### EXERCISE MATERIALS
- - -

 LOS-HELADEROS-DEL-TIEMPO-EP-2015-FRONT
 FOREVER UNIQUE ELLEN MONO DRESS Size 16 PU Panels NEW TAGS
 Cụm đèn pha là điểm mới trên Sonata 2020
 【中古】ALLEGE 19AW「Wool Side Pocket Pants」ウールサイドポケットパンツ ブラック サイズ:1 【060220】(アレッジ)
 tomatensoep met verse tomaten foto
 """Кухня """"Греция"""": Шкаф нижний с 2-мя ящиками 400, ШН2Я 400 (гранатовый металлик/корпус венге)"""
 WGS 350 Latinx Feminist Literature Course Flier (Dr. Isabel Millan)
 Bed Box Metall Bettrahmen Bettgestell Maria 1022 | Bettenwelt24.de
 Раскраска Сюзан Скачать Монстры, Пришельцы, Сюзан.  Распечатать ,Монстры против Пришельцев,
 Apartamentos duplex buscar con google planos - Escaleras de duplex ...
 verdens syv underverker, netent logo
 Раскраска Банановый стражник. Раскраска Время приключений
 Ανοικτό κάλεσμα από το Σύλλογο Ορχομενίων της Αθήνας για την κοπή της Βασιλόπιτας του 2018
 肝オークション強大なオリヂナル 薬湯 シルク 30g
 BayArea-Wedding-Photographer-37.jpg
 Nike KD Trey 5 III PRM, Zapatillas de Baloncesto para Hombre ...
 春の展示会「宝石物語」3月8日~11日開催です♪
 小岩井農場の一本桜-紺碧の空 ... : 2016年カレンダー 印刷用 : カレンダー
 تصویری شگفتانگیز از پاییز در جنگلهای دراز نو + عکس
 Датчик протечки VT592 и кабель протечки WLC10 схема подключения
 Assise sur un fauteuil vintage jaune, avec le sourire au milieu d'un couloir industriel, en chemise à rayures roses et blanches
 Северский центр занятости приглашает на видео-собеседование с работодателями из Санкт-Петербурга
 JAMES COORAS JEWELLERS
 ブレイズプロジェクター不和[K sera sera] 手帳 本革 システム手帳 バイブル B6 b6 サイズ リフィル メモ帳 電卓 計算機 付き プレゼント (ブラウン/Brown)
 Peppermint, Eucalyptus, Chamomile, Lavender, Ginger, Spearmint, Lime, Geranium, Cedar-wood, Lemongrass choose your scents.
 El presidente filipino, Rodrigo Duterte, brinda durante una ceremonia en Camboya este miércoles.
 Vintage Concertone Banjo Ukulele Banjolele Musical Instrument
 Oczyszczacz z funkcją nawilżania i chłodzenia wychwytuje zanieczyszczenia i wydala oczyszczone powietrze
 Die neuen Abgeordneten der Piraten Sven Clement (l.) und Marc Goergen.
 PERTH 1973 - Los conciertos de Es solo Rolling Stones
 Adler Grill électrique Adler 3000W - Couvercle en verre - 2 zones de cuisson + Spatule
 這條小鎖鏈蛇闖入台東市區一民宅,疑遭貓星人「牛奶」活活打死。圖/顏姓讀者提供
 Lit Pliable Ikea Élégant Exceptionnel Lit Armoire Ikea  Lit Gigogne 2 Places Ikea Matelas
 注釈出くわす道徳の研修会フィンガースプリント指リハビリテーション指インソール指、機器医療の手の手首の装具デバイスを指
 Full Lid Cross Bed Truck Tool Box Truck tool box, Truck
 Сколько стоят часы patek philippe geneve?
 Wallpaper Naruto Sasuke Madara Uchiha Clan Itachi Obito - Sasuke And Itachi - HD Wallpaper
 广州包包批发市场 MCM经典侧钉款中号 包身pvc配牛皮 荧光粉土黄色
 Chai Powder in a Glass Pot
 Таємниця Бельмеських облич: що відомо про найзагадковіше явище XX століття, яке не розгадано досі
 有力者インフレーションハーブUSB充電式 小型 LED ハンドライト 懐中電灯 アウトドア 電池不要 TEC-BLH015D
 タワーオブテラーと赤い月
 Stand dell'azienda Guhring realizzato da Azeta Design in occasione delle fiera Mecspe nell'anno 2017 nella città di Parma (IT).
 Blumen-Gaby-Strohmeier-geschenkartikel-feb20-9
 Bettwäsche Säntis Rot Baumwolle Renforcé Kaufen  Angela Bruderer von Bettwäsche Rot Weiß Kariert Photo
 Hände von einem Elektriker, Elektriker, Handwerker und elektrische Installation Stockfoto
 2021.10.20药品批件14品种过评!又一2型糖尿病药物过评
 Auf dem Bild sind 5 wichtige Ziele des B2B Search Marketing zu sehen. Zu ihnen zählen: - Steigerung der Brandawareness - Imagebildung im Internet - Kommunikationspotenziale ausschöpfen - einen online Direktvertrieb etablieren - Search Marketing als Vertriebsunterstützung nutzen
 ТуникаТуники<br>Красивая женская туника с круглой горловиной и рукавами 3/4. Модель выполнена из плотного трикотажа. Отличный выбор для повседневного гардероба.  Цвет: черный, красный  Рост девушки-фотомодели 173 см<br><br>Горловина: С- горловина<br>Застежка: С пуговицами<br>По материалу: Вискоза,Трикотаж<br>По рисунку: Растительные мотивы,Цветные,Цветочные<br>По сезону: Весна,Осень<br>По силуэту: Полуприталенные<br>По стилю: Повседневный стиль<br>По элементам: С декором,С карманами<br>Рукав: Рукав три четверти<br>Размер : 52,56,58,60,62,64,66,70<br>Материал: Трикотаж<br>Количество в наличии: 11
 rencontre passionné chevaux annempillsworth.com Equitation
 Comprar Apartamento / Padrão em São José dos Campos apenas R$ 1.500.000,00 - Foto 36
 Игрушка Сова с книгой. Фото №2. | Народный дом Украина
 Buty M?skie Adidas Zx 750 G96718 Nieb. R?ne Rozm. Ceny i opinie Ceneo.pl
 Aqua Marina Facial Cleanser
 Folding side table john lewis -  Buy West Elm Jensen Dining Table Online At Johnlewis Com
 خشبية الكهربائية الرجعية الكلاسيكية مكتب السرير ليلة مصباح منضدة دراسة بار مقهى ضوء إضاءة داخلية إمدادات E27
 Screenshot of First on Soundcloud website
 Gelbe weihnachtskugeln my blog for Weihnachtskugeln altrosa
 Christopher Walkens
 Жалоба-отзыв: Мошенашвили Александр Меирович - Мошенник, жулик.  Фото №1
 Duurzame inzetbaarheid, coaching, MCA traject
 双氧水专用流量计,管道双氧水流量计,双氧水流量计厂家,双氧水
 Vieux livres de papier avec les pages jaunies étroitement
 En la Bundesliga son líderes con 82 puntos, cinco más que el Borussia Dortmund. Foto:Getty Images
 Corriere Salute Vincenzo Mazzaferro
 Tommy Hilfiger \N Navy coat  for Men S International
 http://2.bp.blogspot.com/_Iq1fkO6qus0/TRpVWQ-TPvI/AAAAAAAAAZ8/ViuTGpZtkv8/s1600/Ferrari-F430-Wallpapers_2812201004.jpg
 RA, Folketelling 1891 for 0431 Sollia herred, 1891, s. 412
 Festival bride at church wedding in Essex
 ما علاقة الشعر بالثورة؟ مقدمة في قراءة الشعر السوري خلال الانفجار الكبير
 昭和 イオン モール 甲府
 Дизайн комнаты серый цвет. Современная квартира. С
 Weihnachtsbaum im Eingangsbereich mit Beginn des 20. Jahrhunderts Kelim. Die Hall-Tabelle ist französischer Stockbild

- - -

Across all the entries, count the lines that contain the word "avec" and give the number by itself.

2